The cause was ASLR. Every run, the operating system loads a program at fresh, random memory addresses, so an attacker can’t predict where anything is. It makes no difference to what the program computes, but it does put every actor at a different address on every run.

In several places, the runtime orders actors by that address. It holds a set of actor pointers and works through them in the order the addresses fall. One of those orders is the order the scheduler runs actors in. Under systematic testing that order should come from the seed and nothing else, but the runtime took that order partly from the addresses, which the seed does not control. ASLR changes the addresses every run, so the same seed ran the actors in a different order each time, and the rest of the run followed.

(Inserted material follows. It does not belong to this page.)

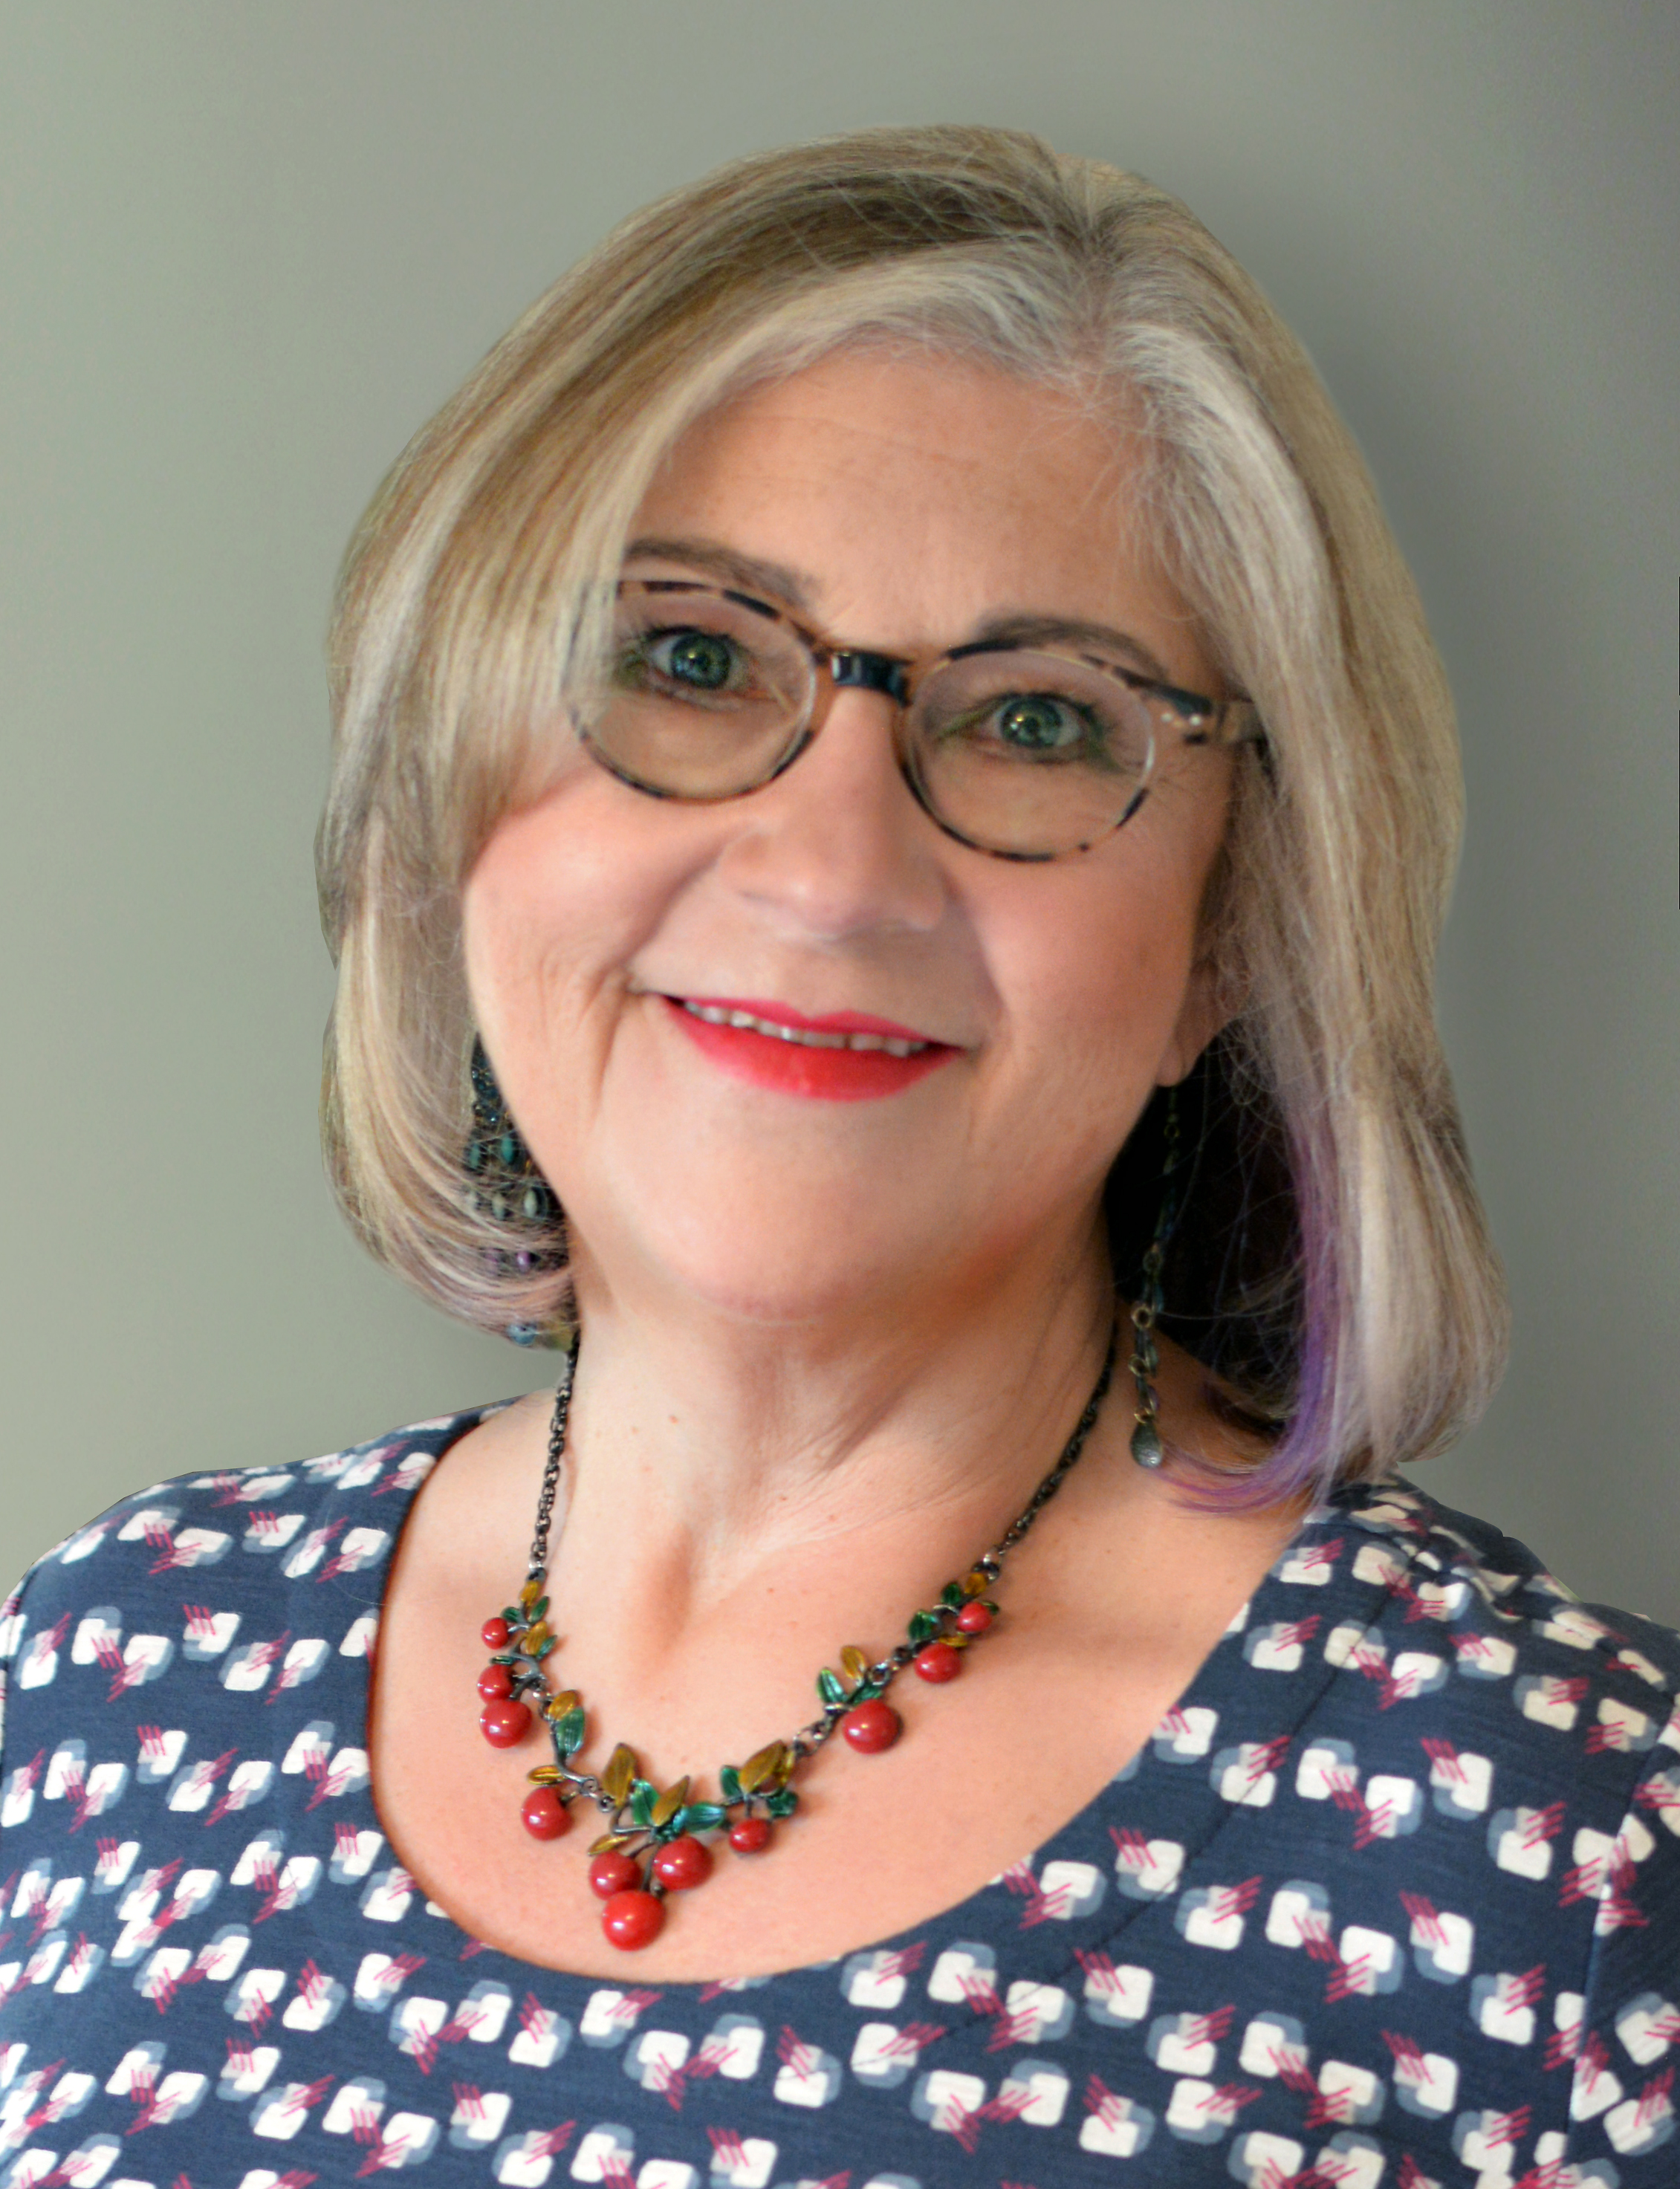 Denise Taylor, MSc, MBA, C.Psychol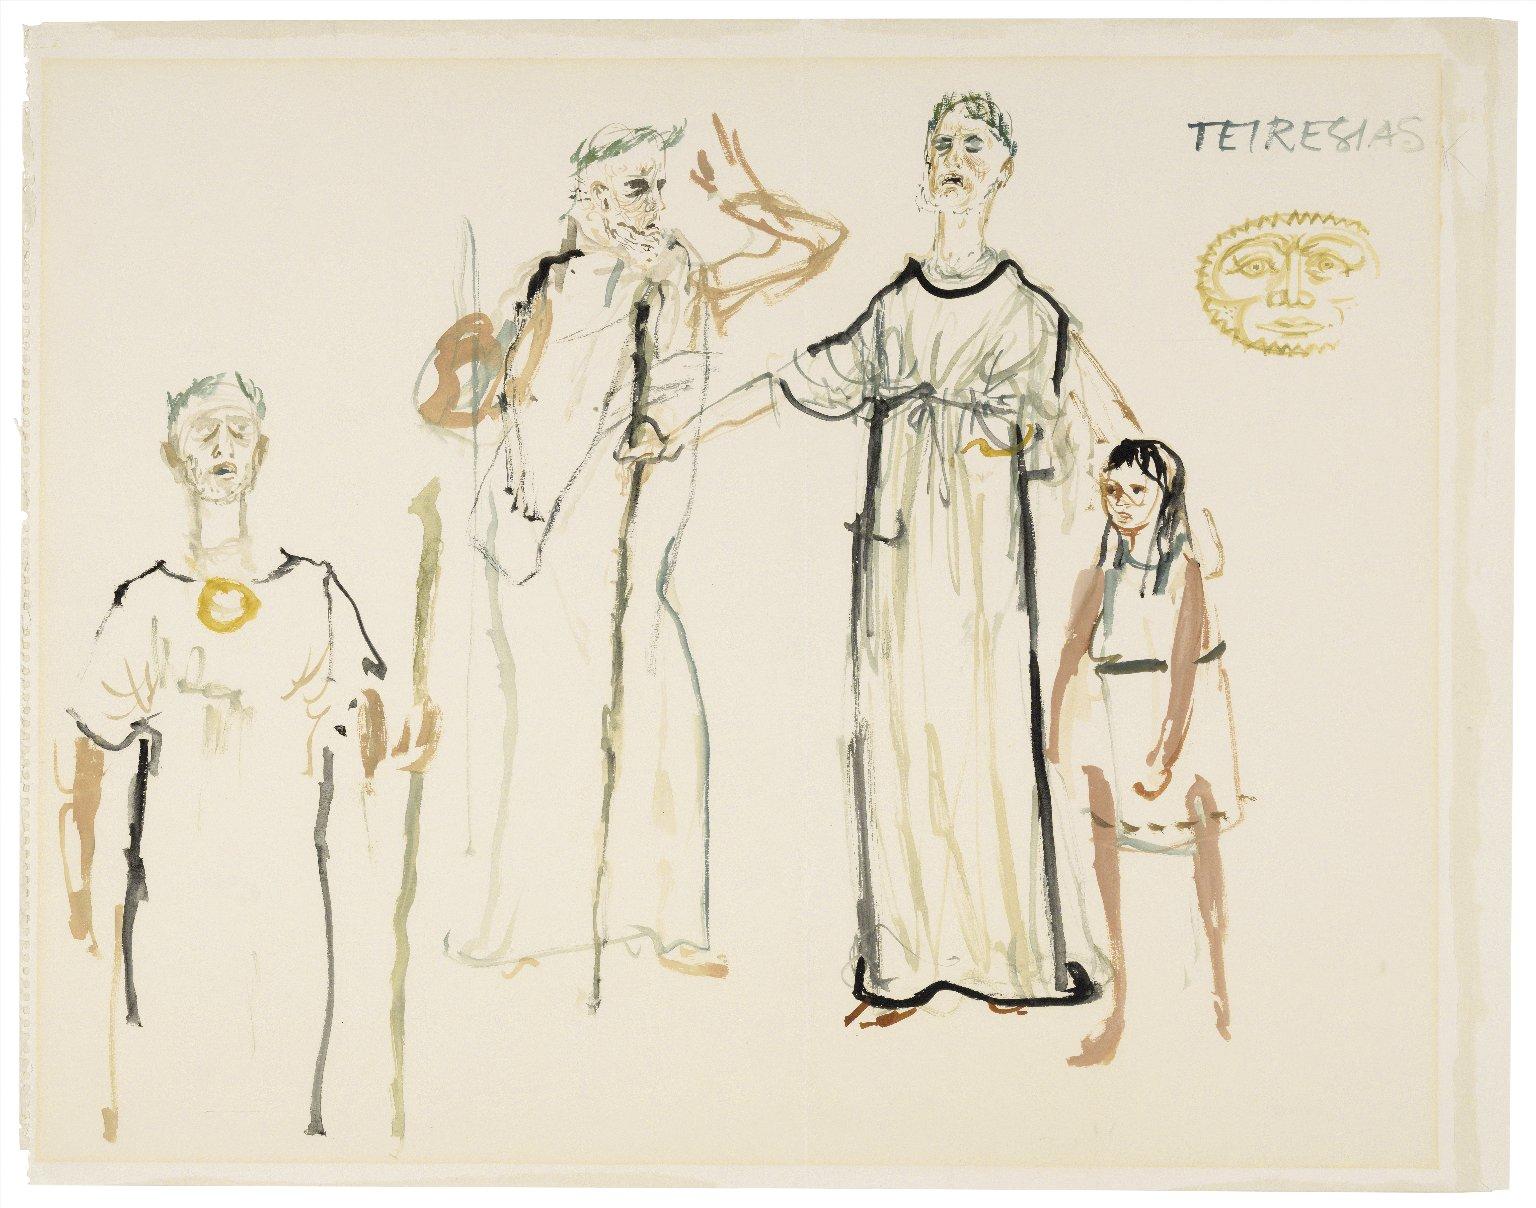 Oedipus Rex, costume drawings for Tiresias

The first place I found the problem was in the backpressure system, where the runtime mutes actors that are overwhelming a slower one. It holds pointers to them and reschedules them in address order. The same thing turned up in two more places: the reference counting between actors, and the cycle detector. Each one ordered actors by pointer, so ASLR scrambled the order in each. The fix is the same wherever it applies: order the actors by the sequence they were created in, which ASLR can’t move, instead of by their address.

So how did these bugs “creep in”? Systematic testing was introduced four years ago, and apparently no one tried to use it until now. It was passing its basic tests, but… irony of ironies: they were incredibly static and didn’t exercise much of the state space.

I’m kind of amused that I started with the idea to find bugs with this new test running daily in CI. But it found bugs before I ever even got it to CI. I guess it has already earned its keep.